SPOTLIGHT: Kyle Bennett
Aliases: Chris Elliot, Dr. Bunson, some other guy also named Kyle Bennett who is a BMX pro
Trademark: referring to females as "gals", boundless sensitivity
A couple of days ago Kyle called while I was walking to a Marathon gas station to buy a six pack of Bud Light. We discussed a sweeping number of subjects which include but are not limited to the following:
1) Kyle bought a house in Portland, Oregon
2) Why blowing your money and moving your belongings into your parents' garage at the age of 30 is not necessarily humiliating or AT LEAST is only temporarily humiliating
3) How Kyle threw away his almanac when he remembered that he has the Internet
4) How I once slow danced to karaoke in Cody, WY
5) How I was considering crawling into bed to drink my beer under the covers because IT IS SO COLD IN OHIO.
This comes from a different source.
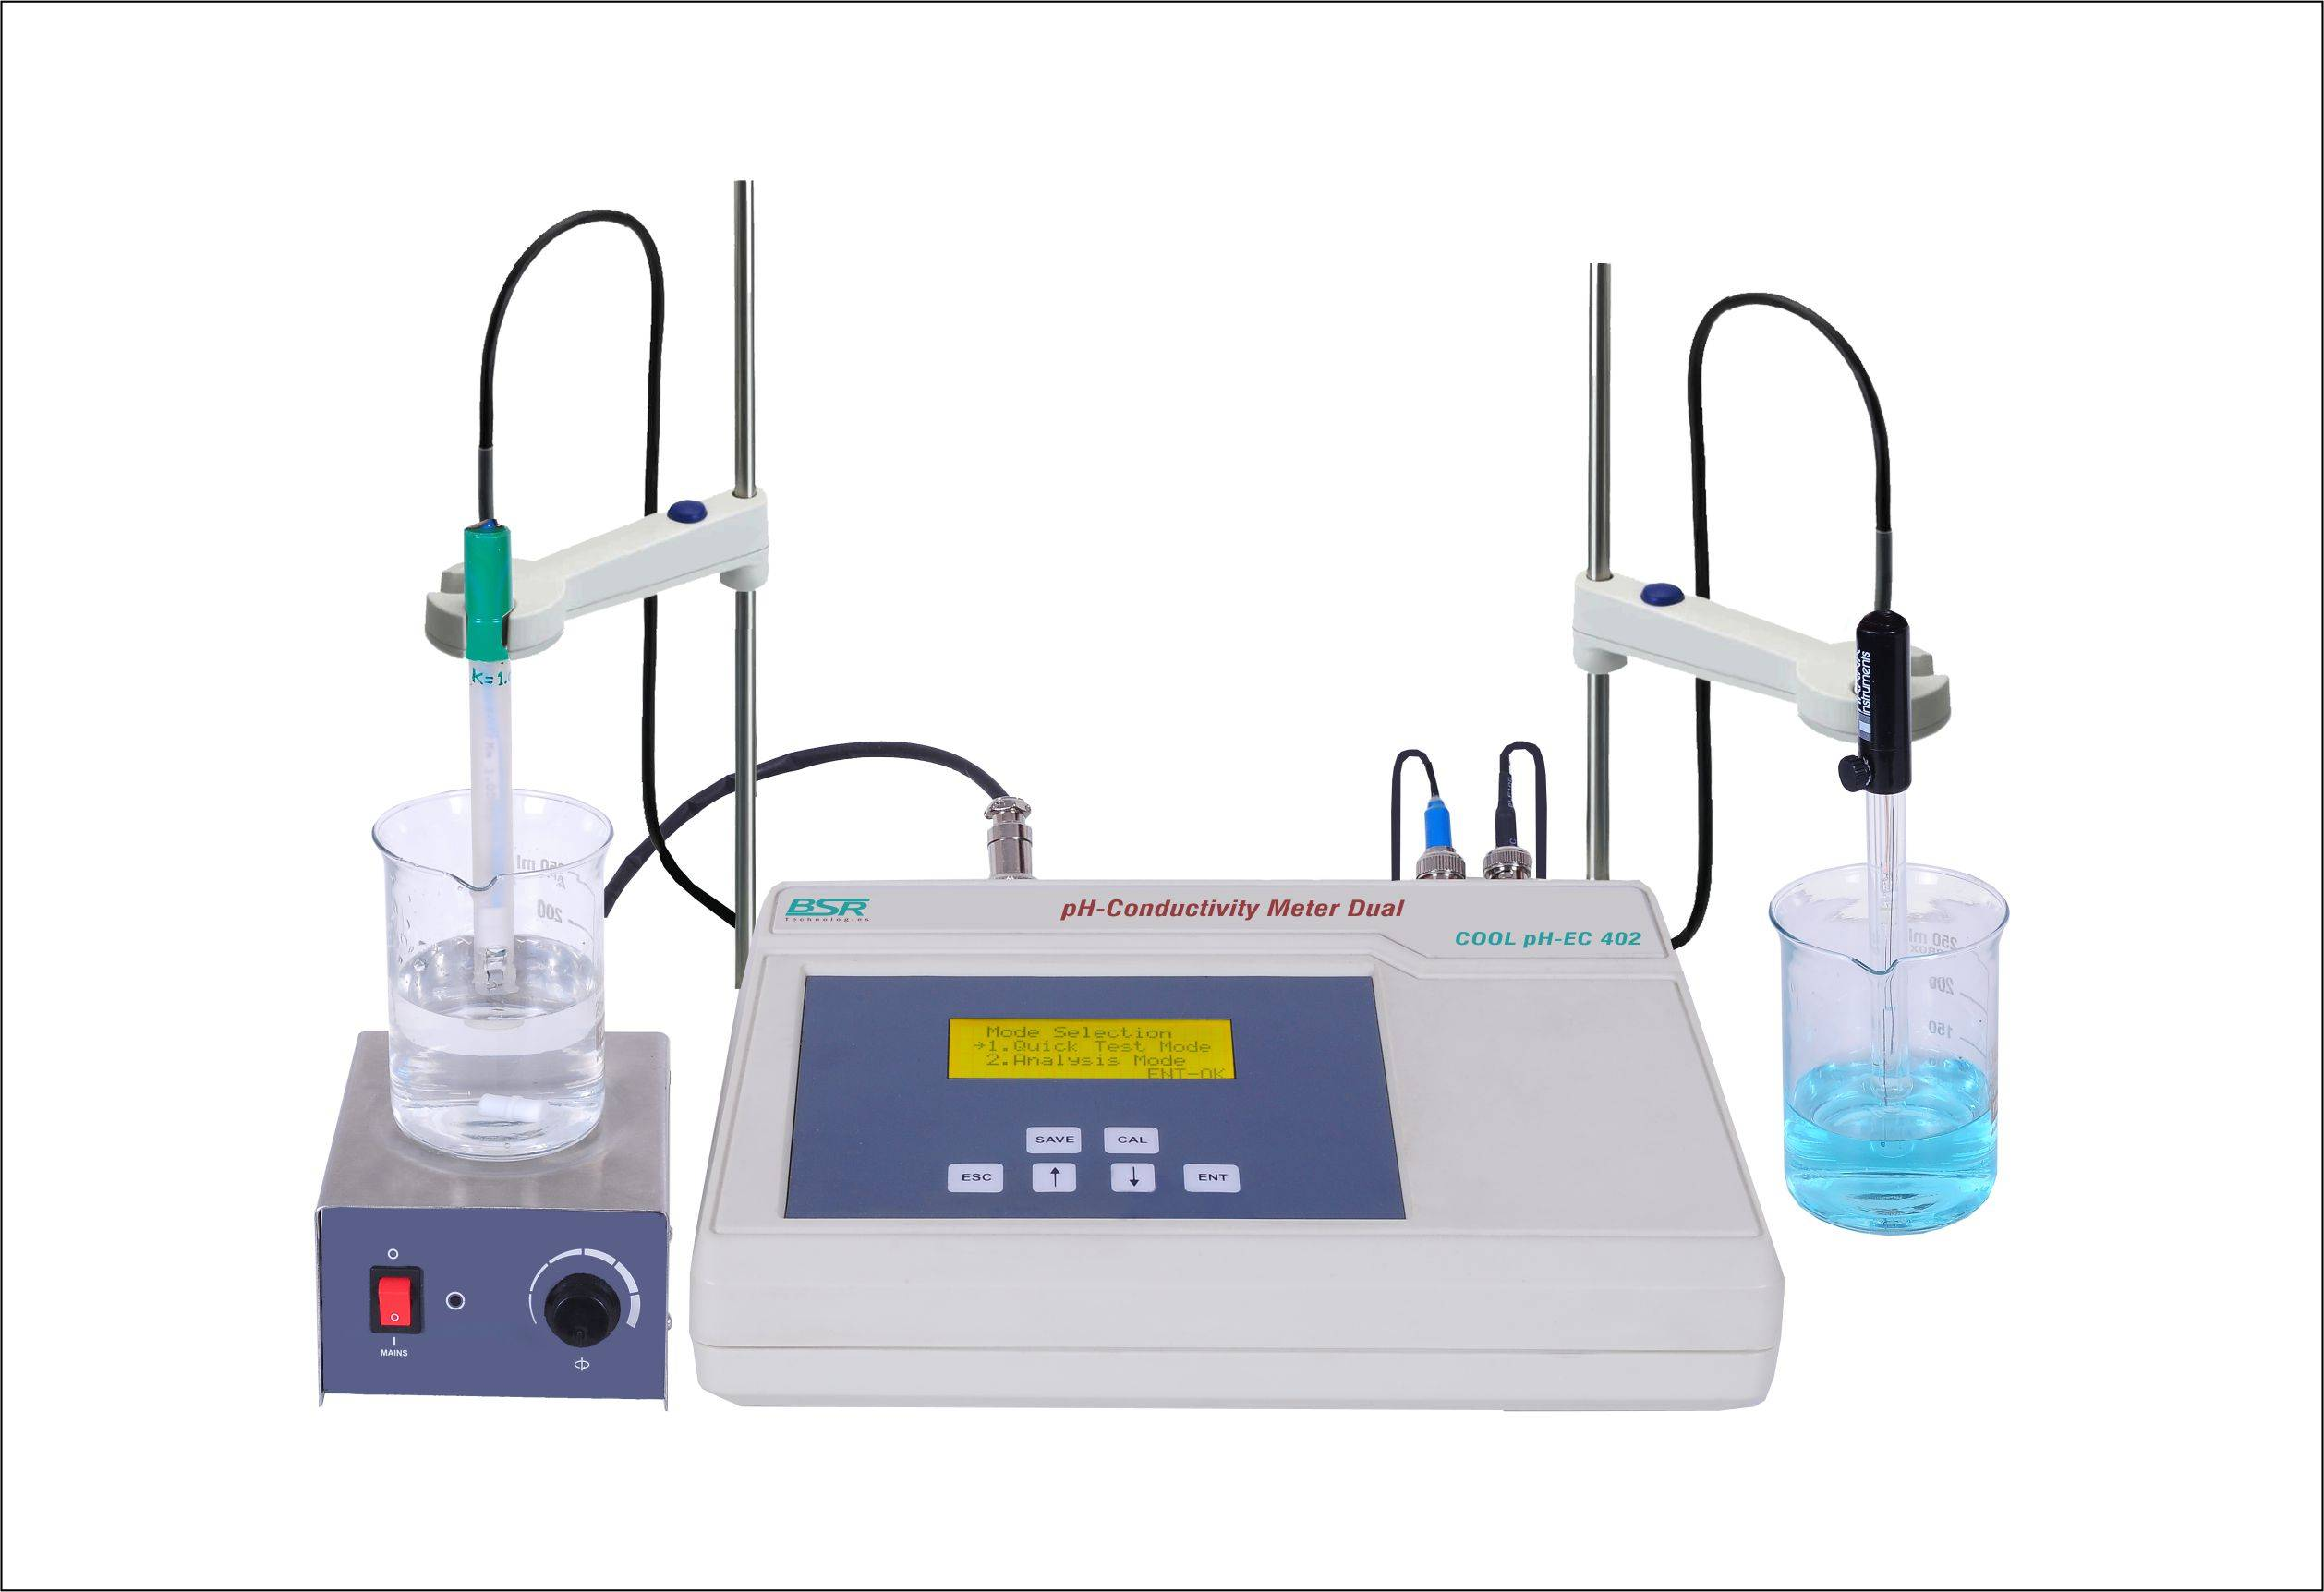 pH-Conductivity Meter Dual
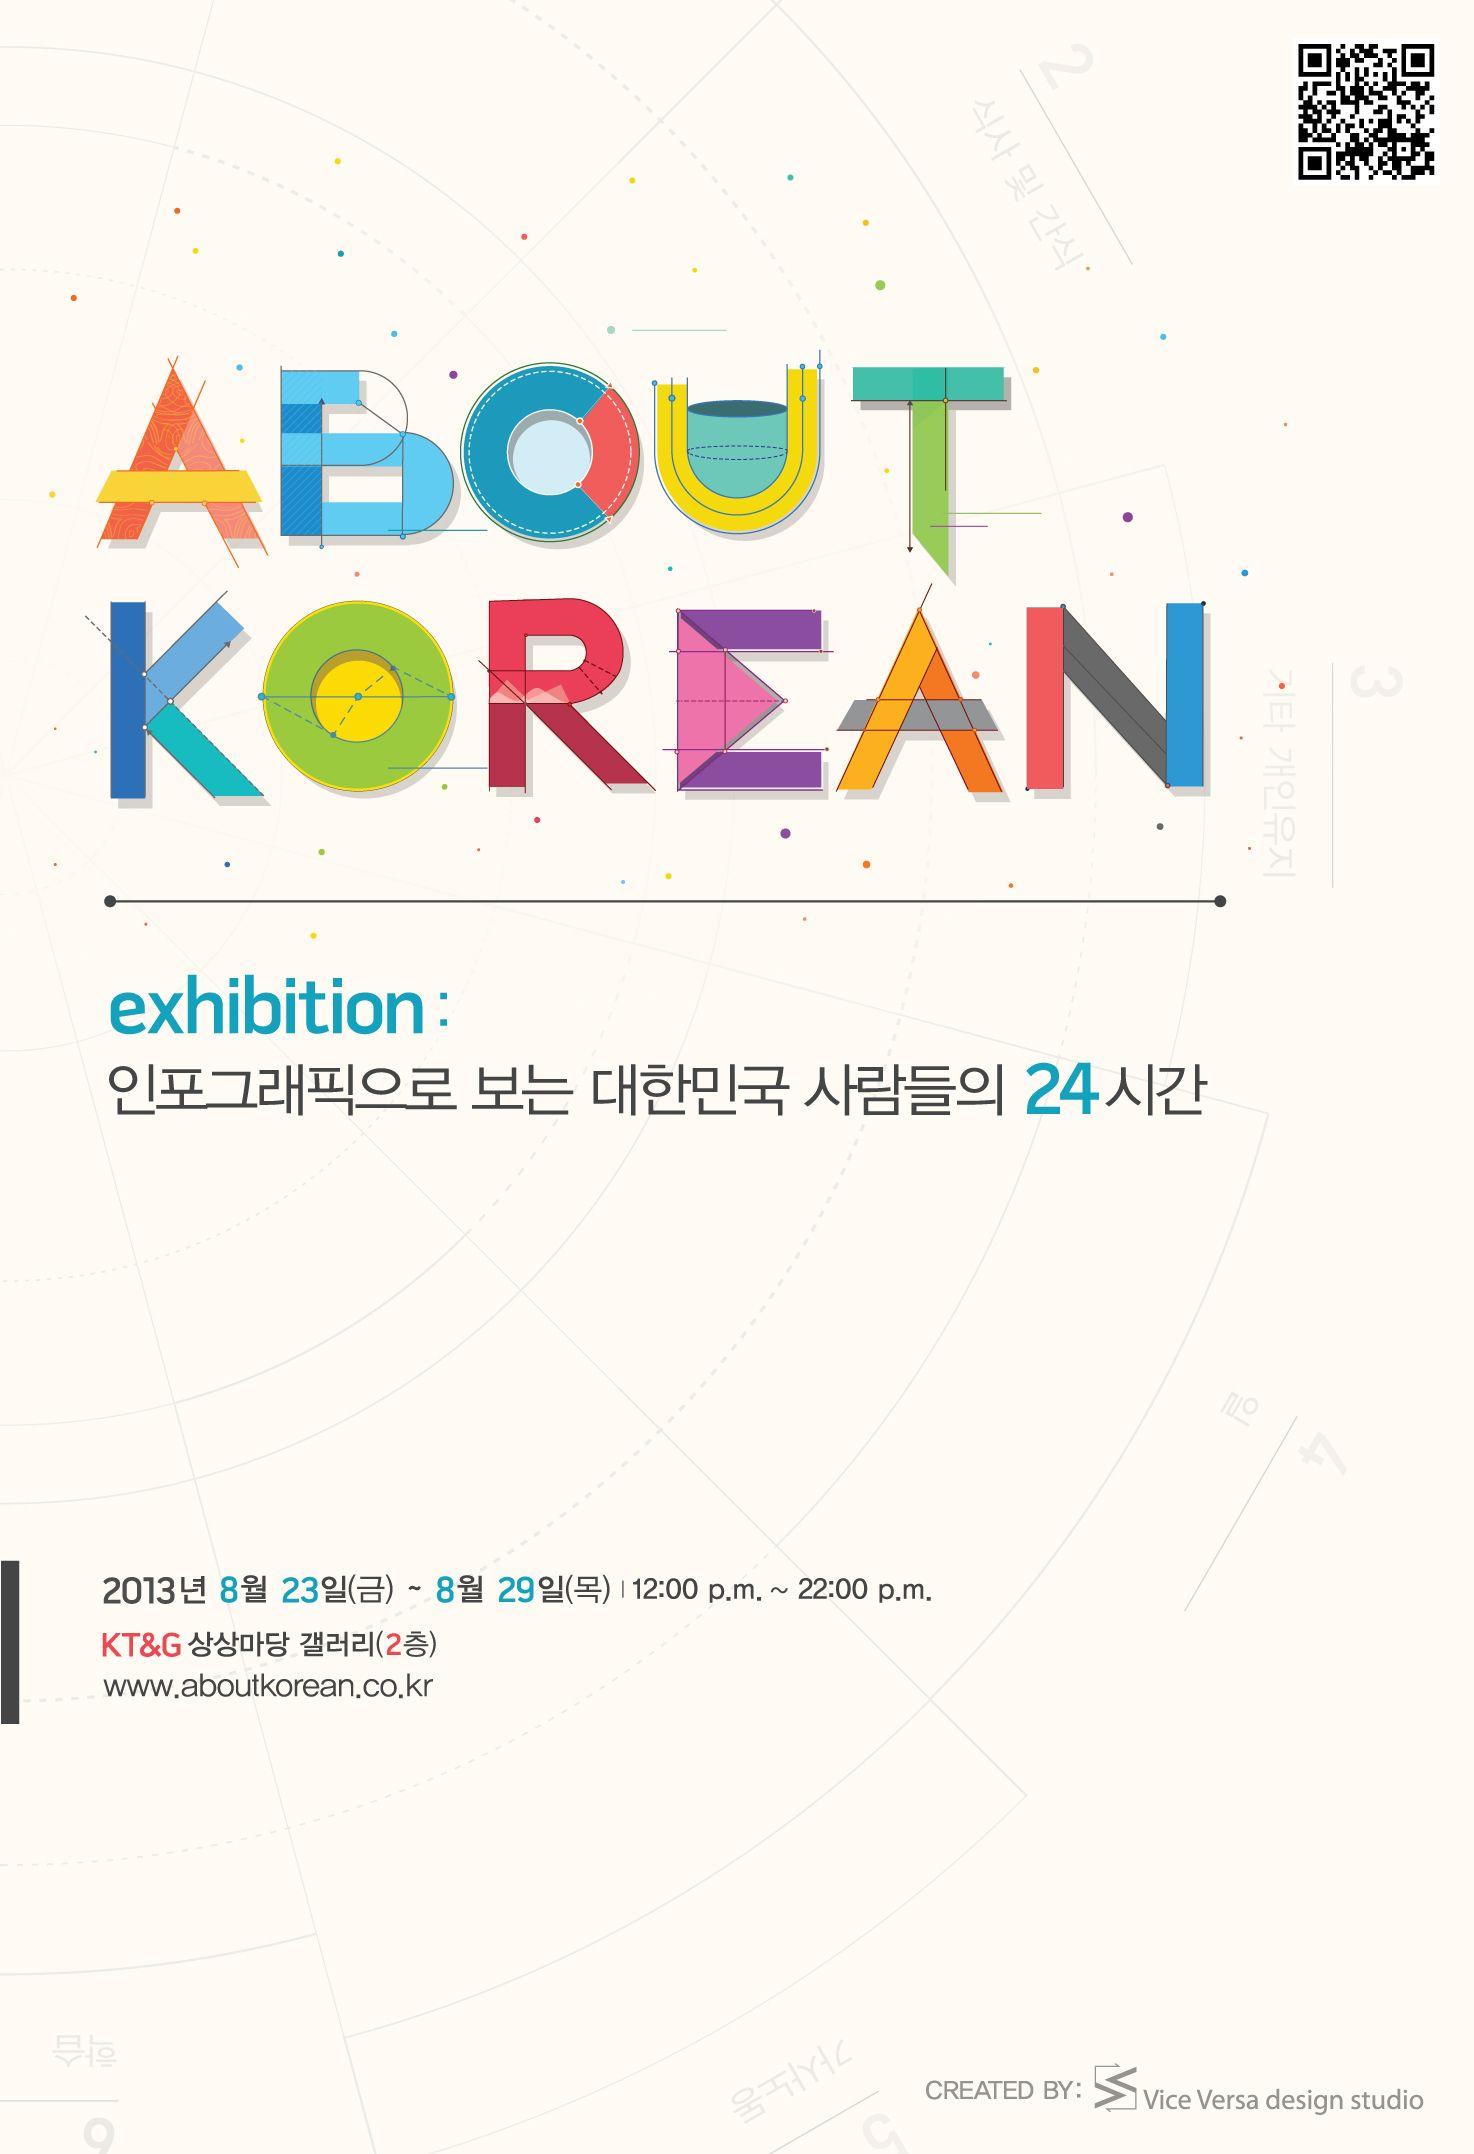 Korean poster design - Kt G Poster Designseditorial Designdesign Studiosexhibitionsinfographickoreapromotiontypography

6) Why Tara Reid should die.
Kyle admitted, when pressed, that he could never really kill anyone. He would just talk to Tara until she was crying and laying in a heap on the ground. Then he'd walk away. "Lighting a cigarette," I volunteered.
Now a tour leader in the Western U.S. for Bicycle Adventures, Kyle enjoys notoriety as a former cab driver, concessions manager for the circus, and for helping launch what was to be the largest World's Fair in history. Instead it was, as he put it, "one of the most devastating financial debacles of the twentieth century, which certainly didn't help the people of Germany with their already less-than-sugary demeanor."
Kyle still sets aside one month a year to go to the Western Washington State Fair in Puyallup, WA where he "helps the folks of the greater Tacoma area to become the biggest people they can possibly be."
Thanks for that, Kyle.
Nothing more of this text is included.